▶ Task details:
Whenever a picture appears, leave it out while repeating all the other data exactly.

▶ Data excerpt:
• • • • • • •
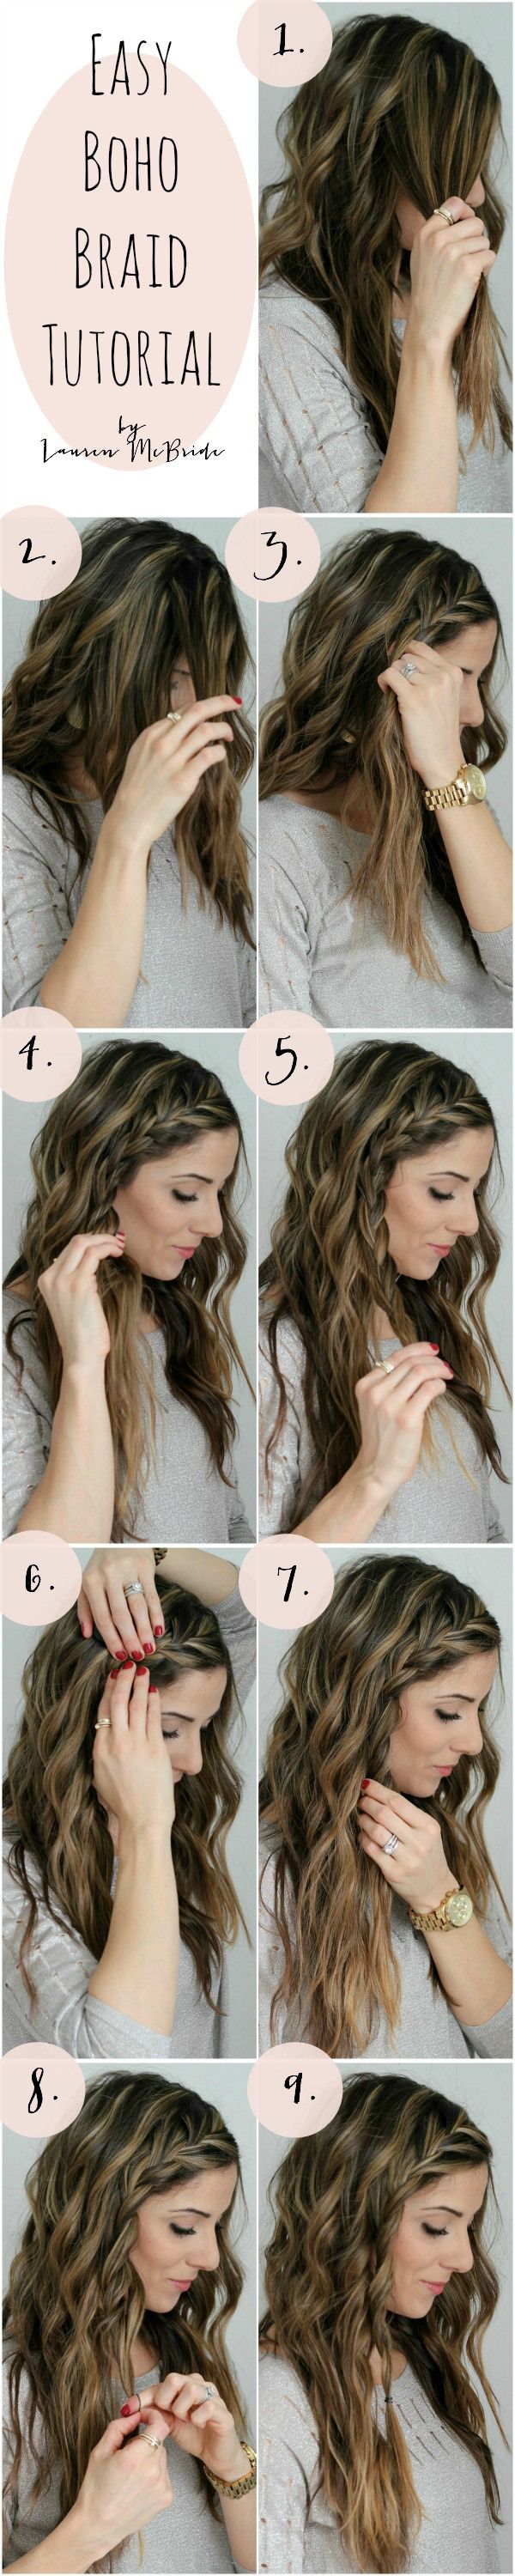 Simple And Easy 5 Minutes Hairstyle Tutorials
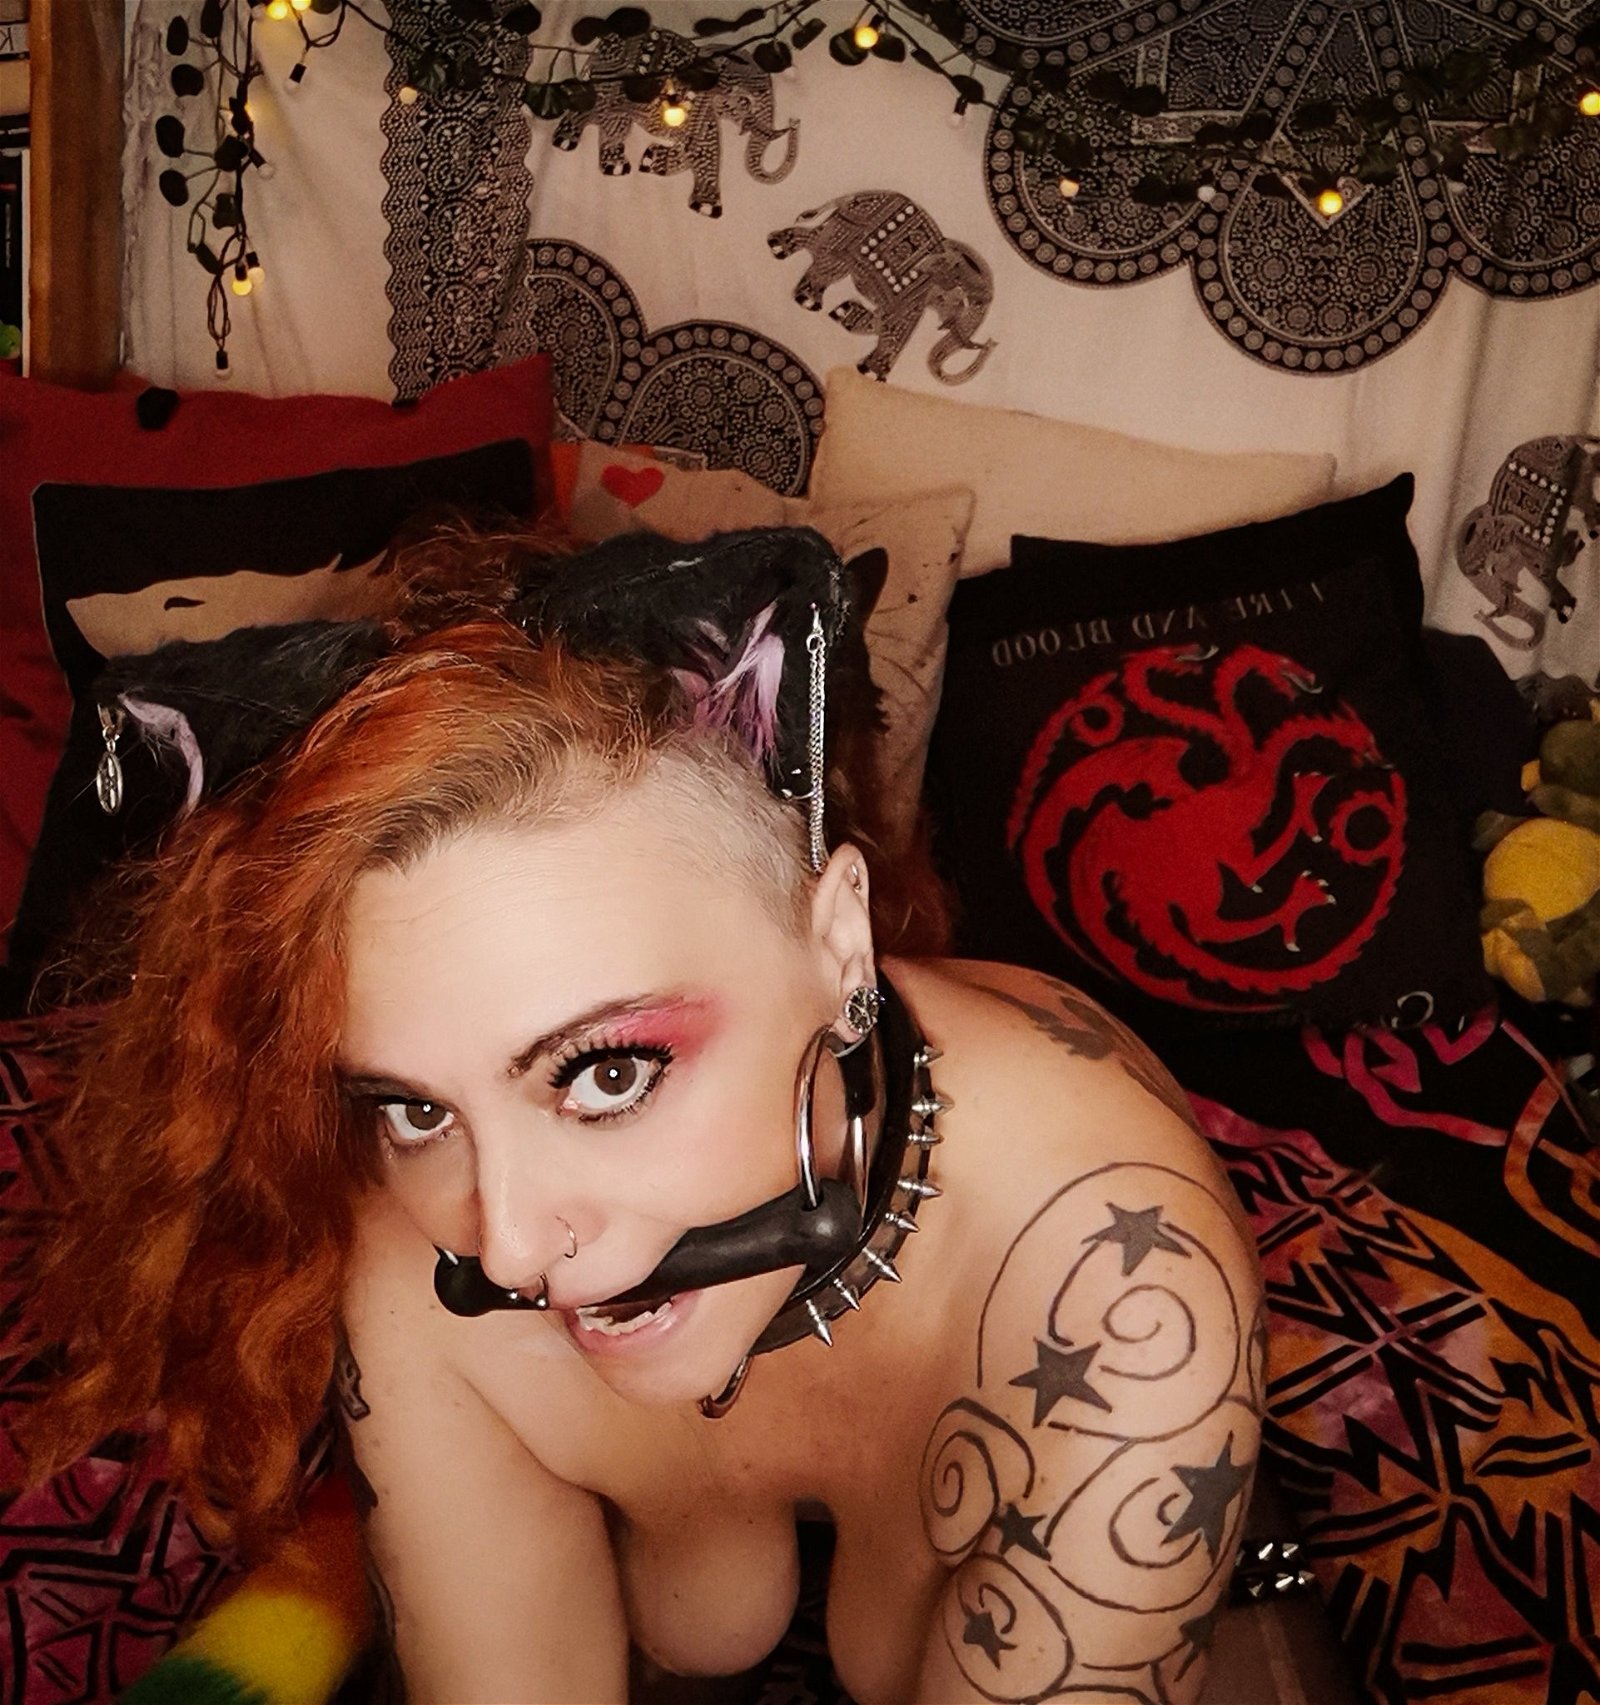 Photo by Nekotied with the username @nekotied, who is a star user,  September 26, 2020 at 3:45 AM. The post is about the topic Bondage and the text says 'Do you ever wondered what it feels playing with a wild beast? Try to tame me. Im wandering wild on my OnlyFans. You should adopt me to start the weekend like a hero 
http://onlyfans.com/nekotied'
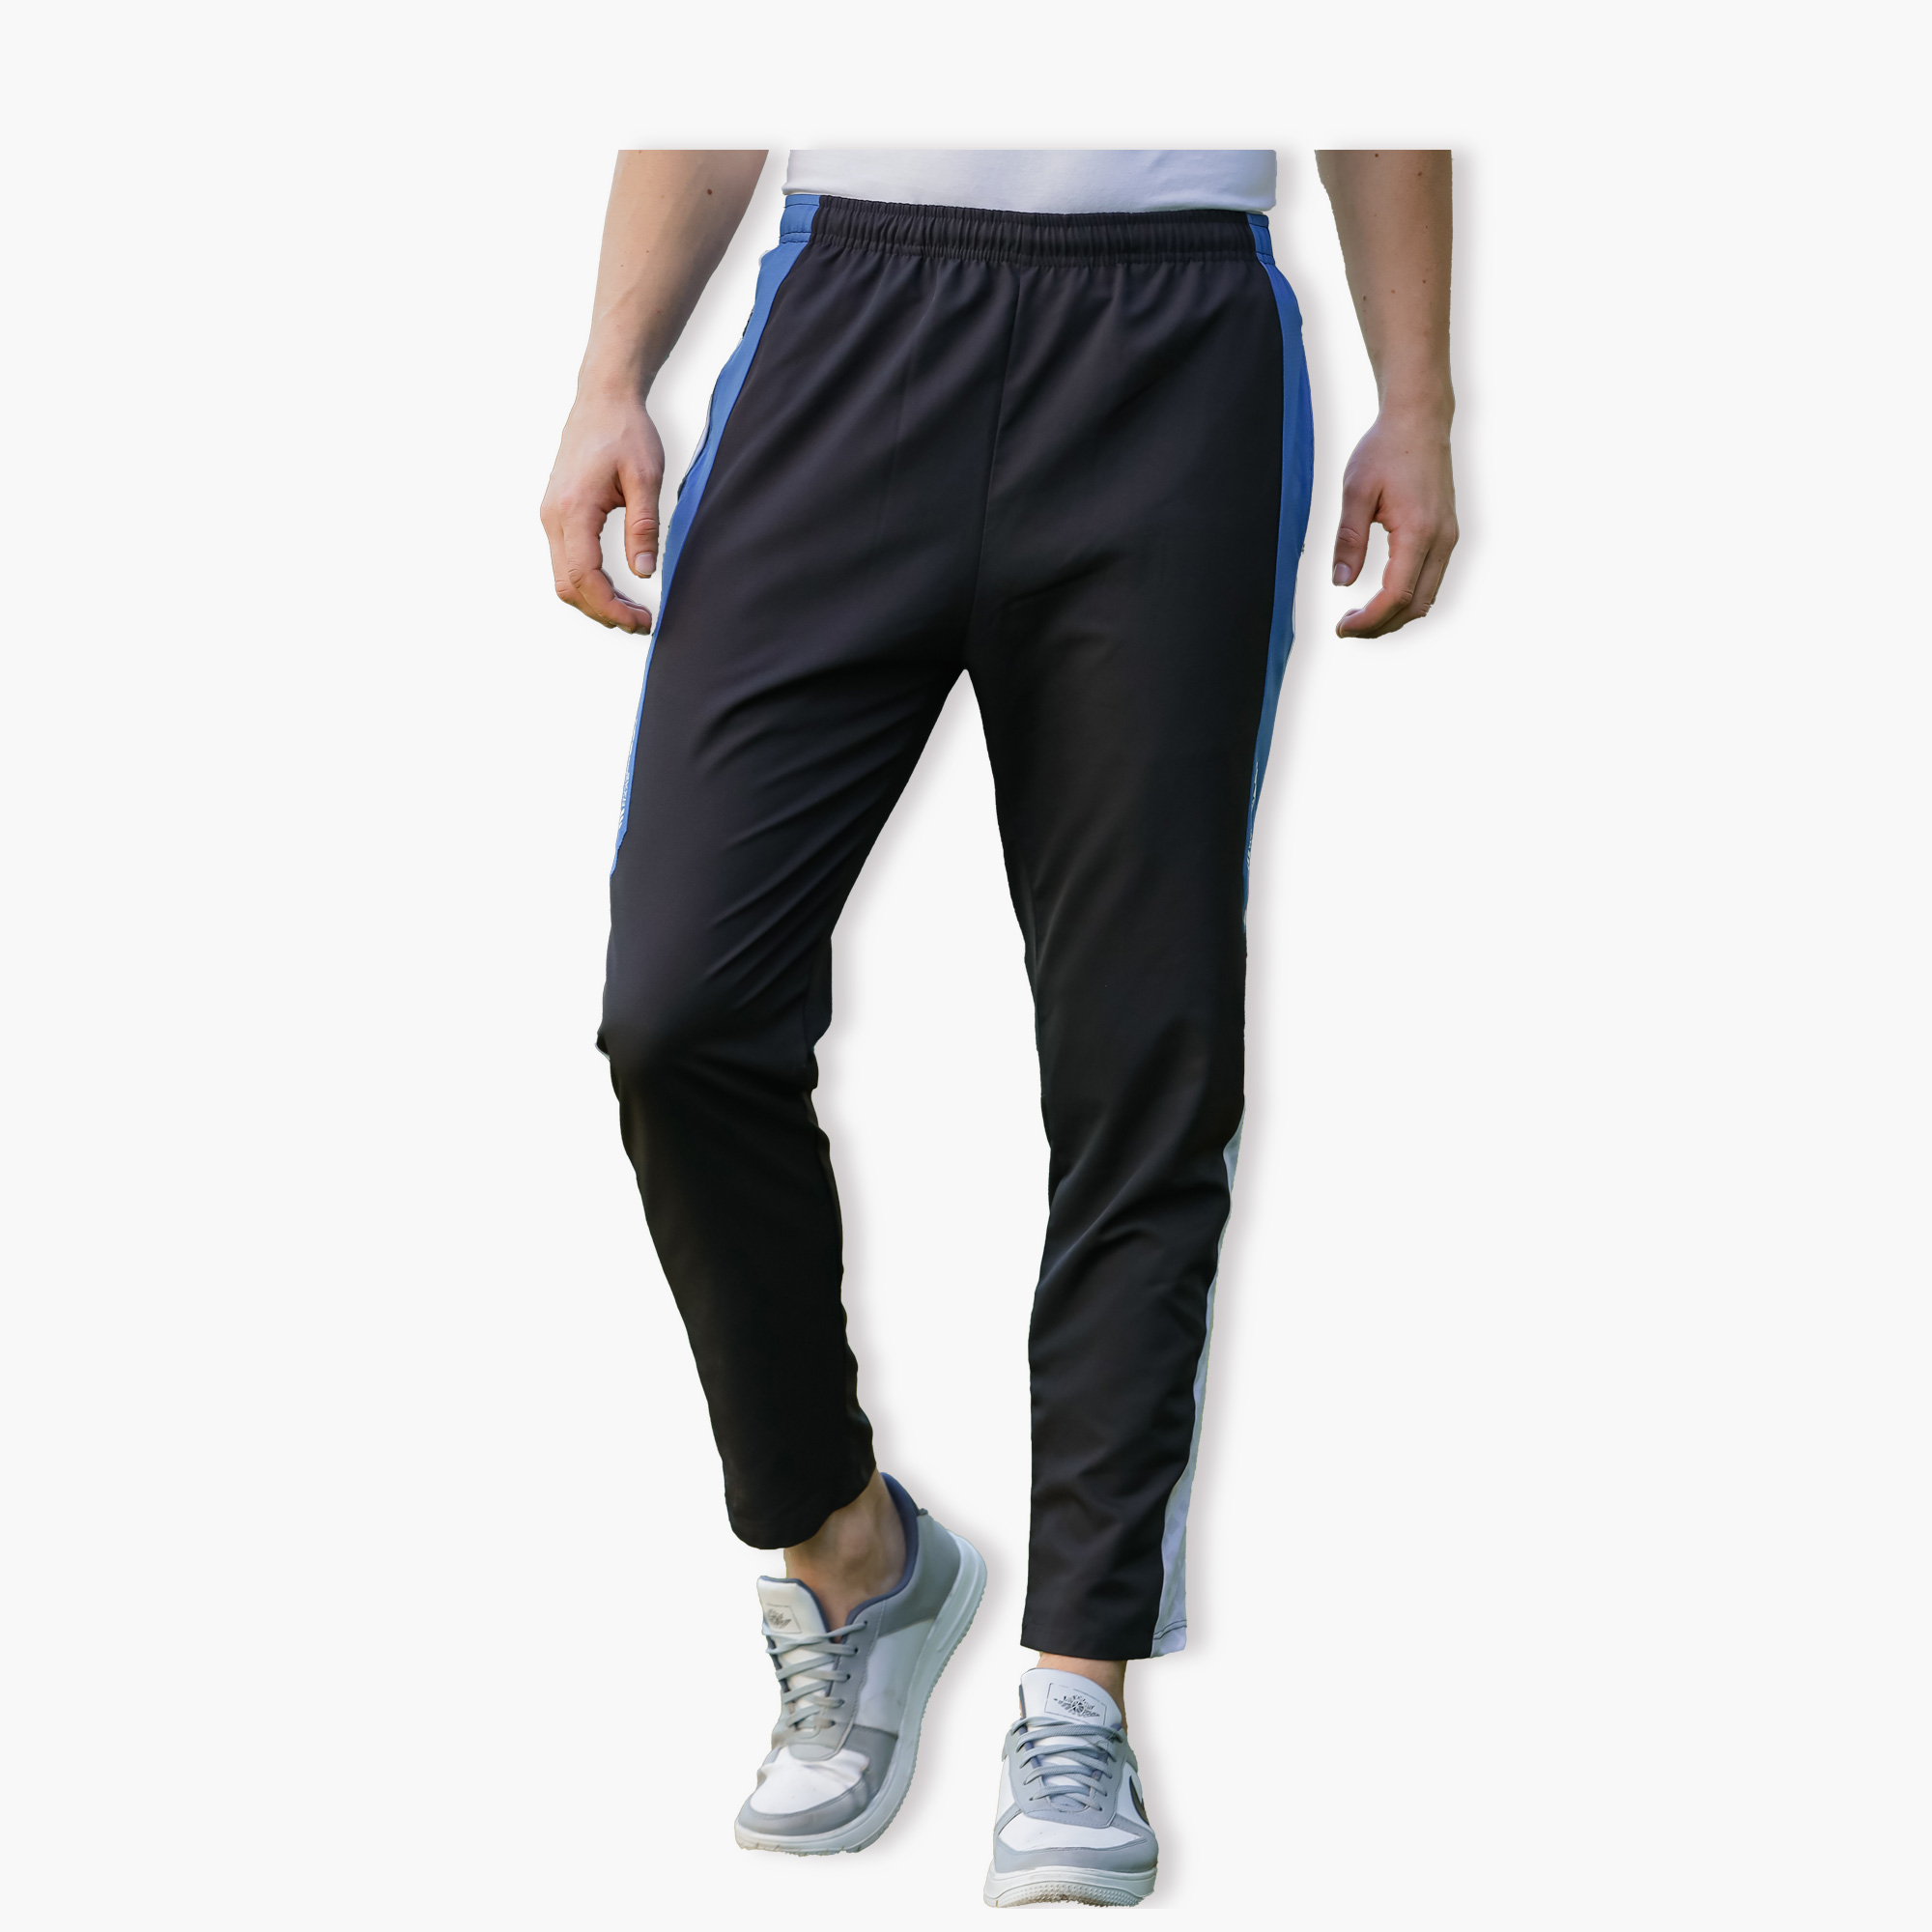 High Quality Track Pants - lower price, Wholesale, Cheap Track Pants - US  Sports Uniforms
• • • • • • •
▶ Written reply:
 Simple And Easy 5 Minutes Hairstyle Tutorials
 Photo by Nekotied with the username @nekotied, who is a star user,  September 26, 2020 at 3:45 AM. The post is about the topic Bondage and the text says 'Do you ever wondered what it feels playing with a wild beast? Try to tame me. Im wandering wild on my OnlyFans. You should adopt me to start the weekend like a hero 
http://onlyfans.com/nekotied'
 High Quality Track Pants - lower price, Wholesale, Cheap Track Pants - US  Sports Uniforms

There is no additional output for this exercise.